The challenge of modern obstetrics is to provide a safe delivery. Since the invention of fetal tocometry, different techniques have been attempted to prevent fetal compromise. Non-invasive modalities for fetal evaluation include fetal oxygen saturation and blood flow measurements in maternal and fetal vessels.

During pregnancy, increased uteroplacental blood flow is related to trophoblast invasion of spiral arteries [1, 2]. There are only few studies regarding the utility of Doppler examination during labor. In one study, a mean reduction of uterine artery blood flow velocity of 40–60 % was reported, for a maximal intrauterine pressure of approximately 60 mmHg [3]. Diastolic flow decreased to zero, when intrauterine pressure was 80 mmHg, but the systolic blood flow was evident up to an intrauterine pressure of 130 mmHg [4].

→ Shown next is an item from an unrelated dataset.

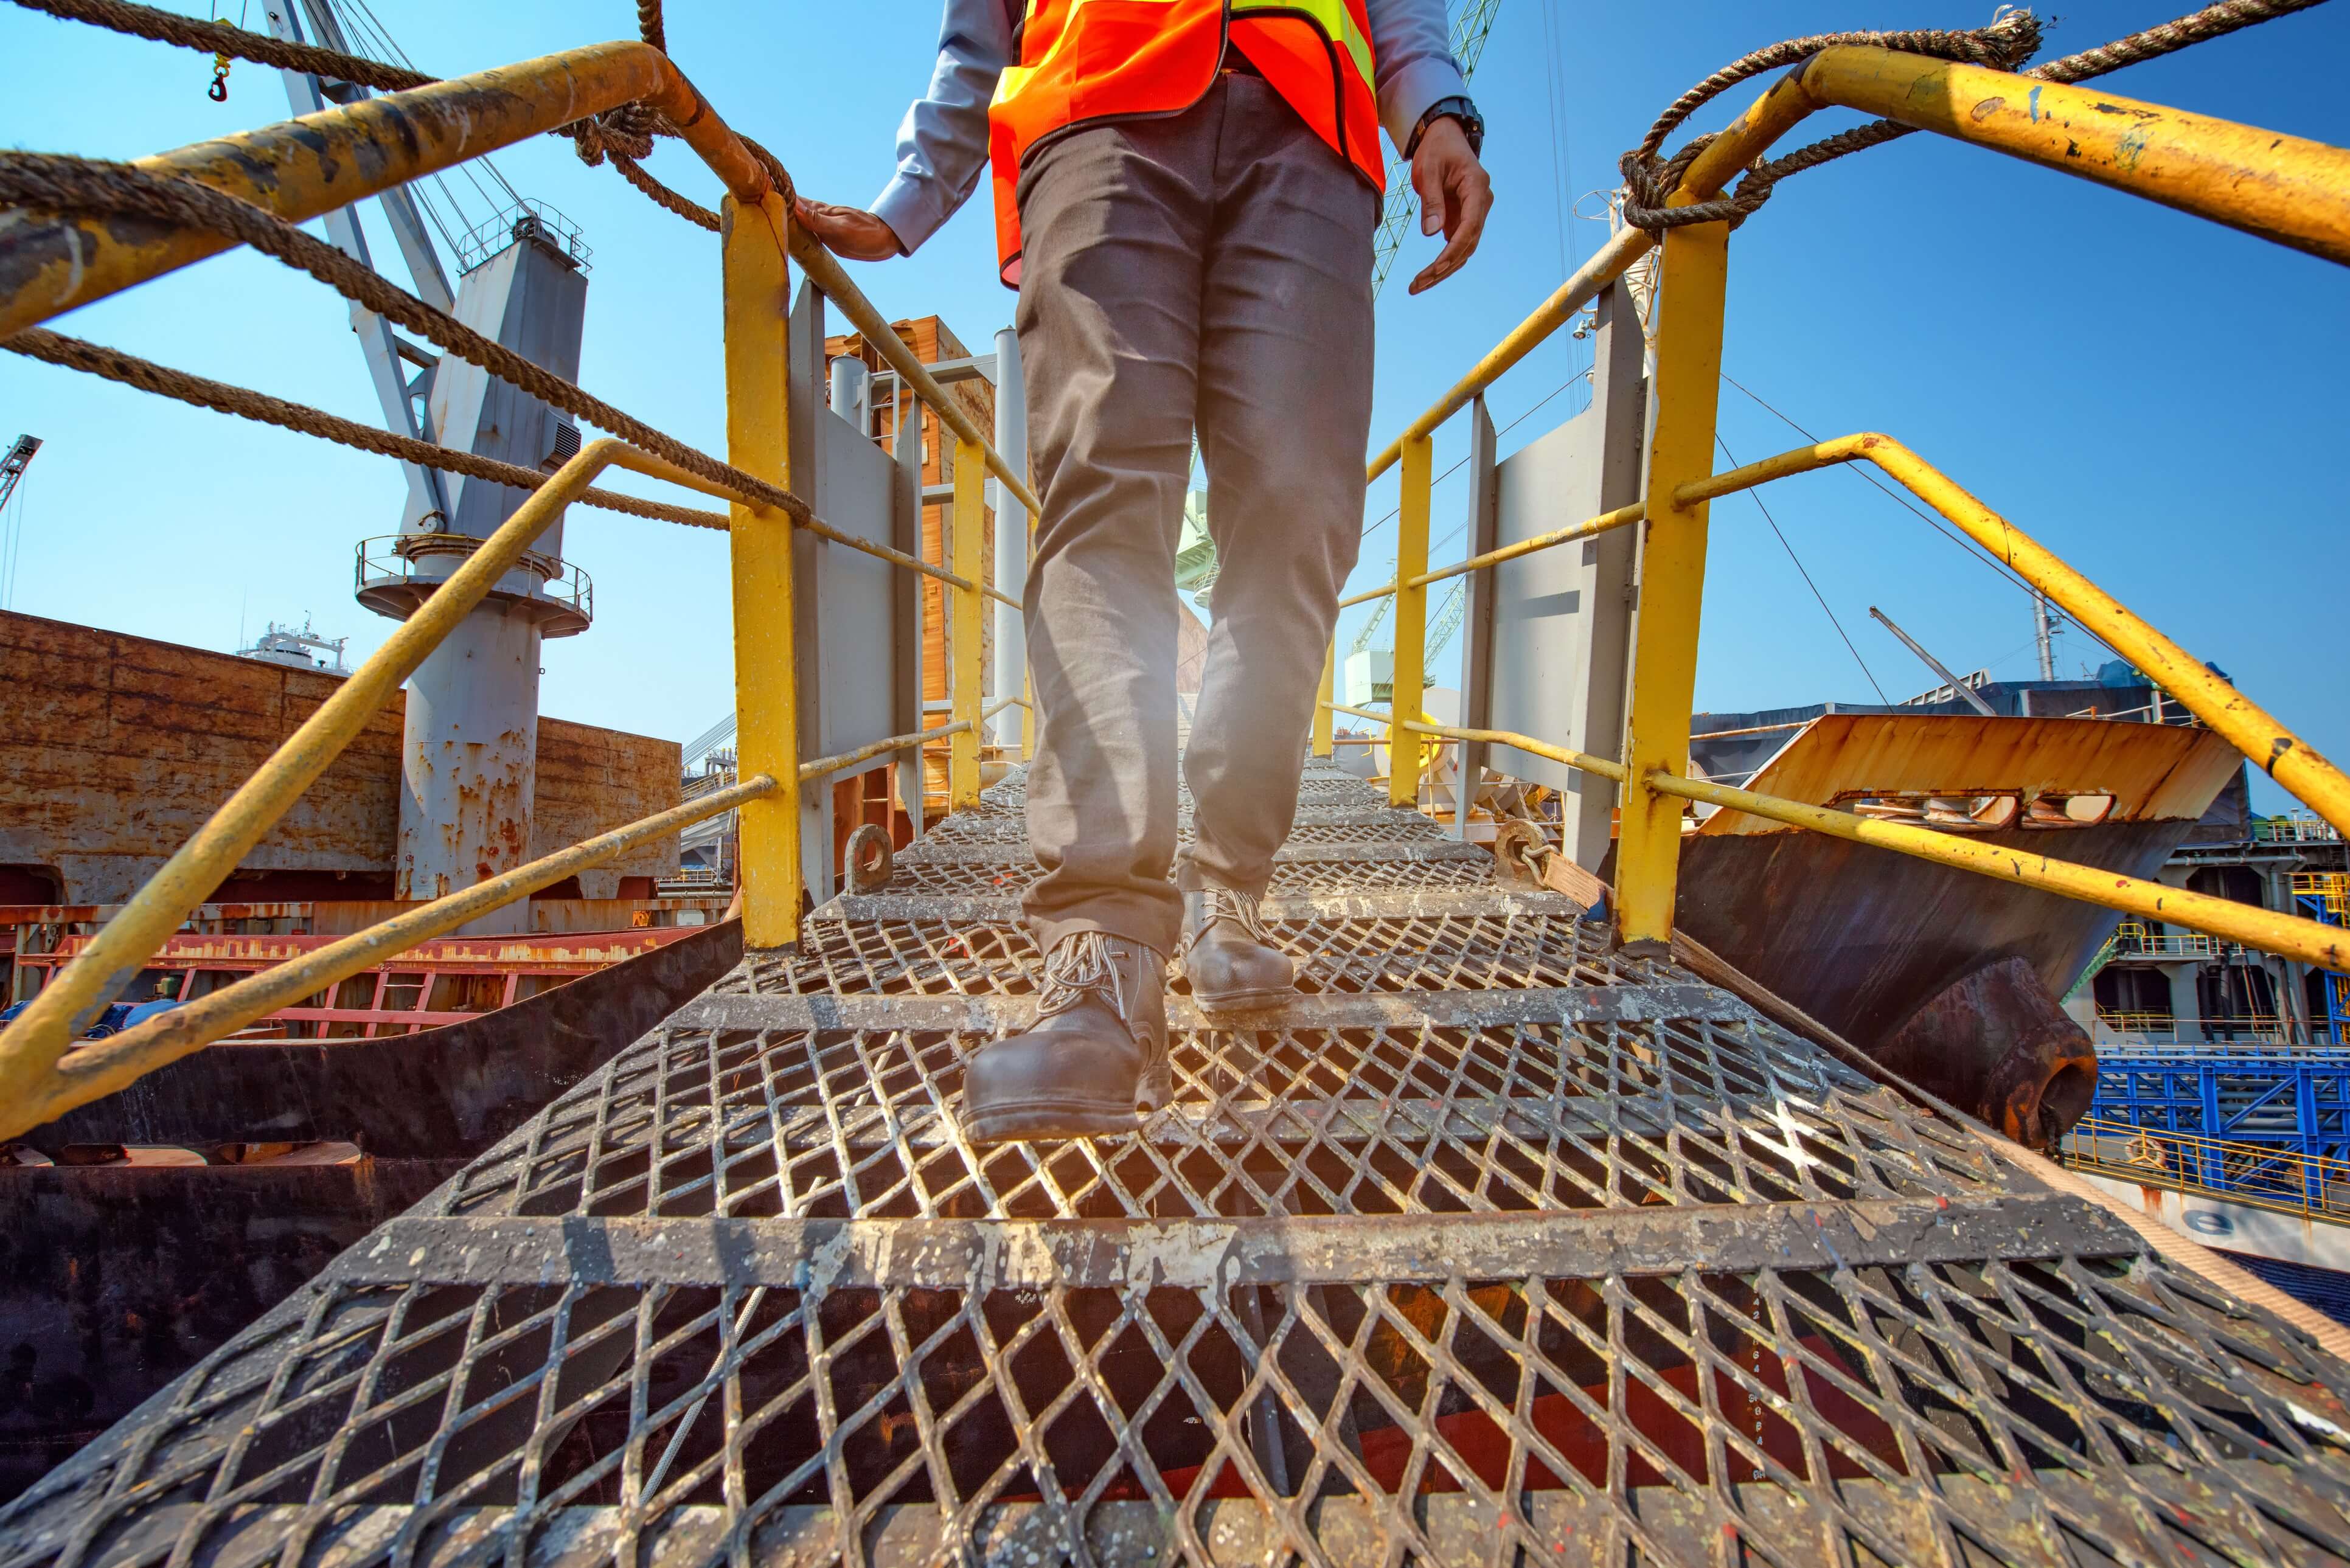 What Are the Rules Around Fall Protection Equipment Inspections?

UA blood flow velocity was evaluated as a screening test for intrapartum fetal distress on admission to the delivery room [5]. A 12-fold increase in the rate of emergency cesarean sections for fetal distress among women with a systolic/diastolic (S/D) ratio ≥3.0 was noted [5]. The authors concluded that umbilical artery blood velocity waveform analysis may be used to screen for fetal distress. On the contrary, in a later review, umbilical artery Doppler velocimetry was described as a poor predictor for adverse perinatal outcomes [6].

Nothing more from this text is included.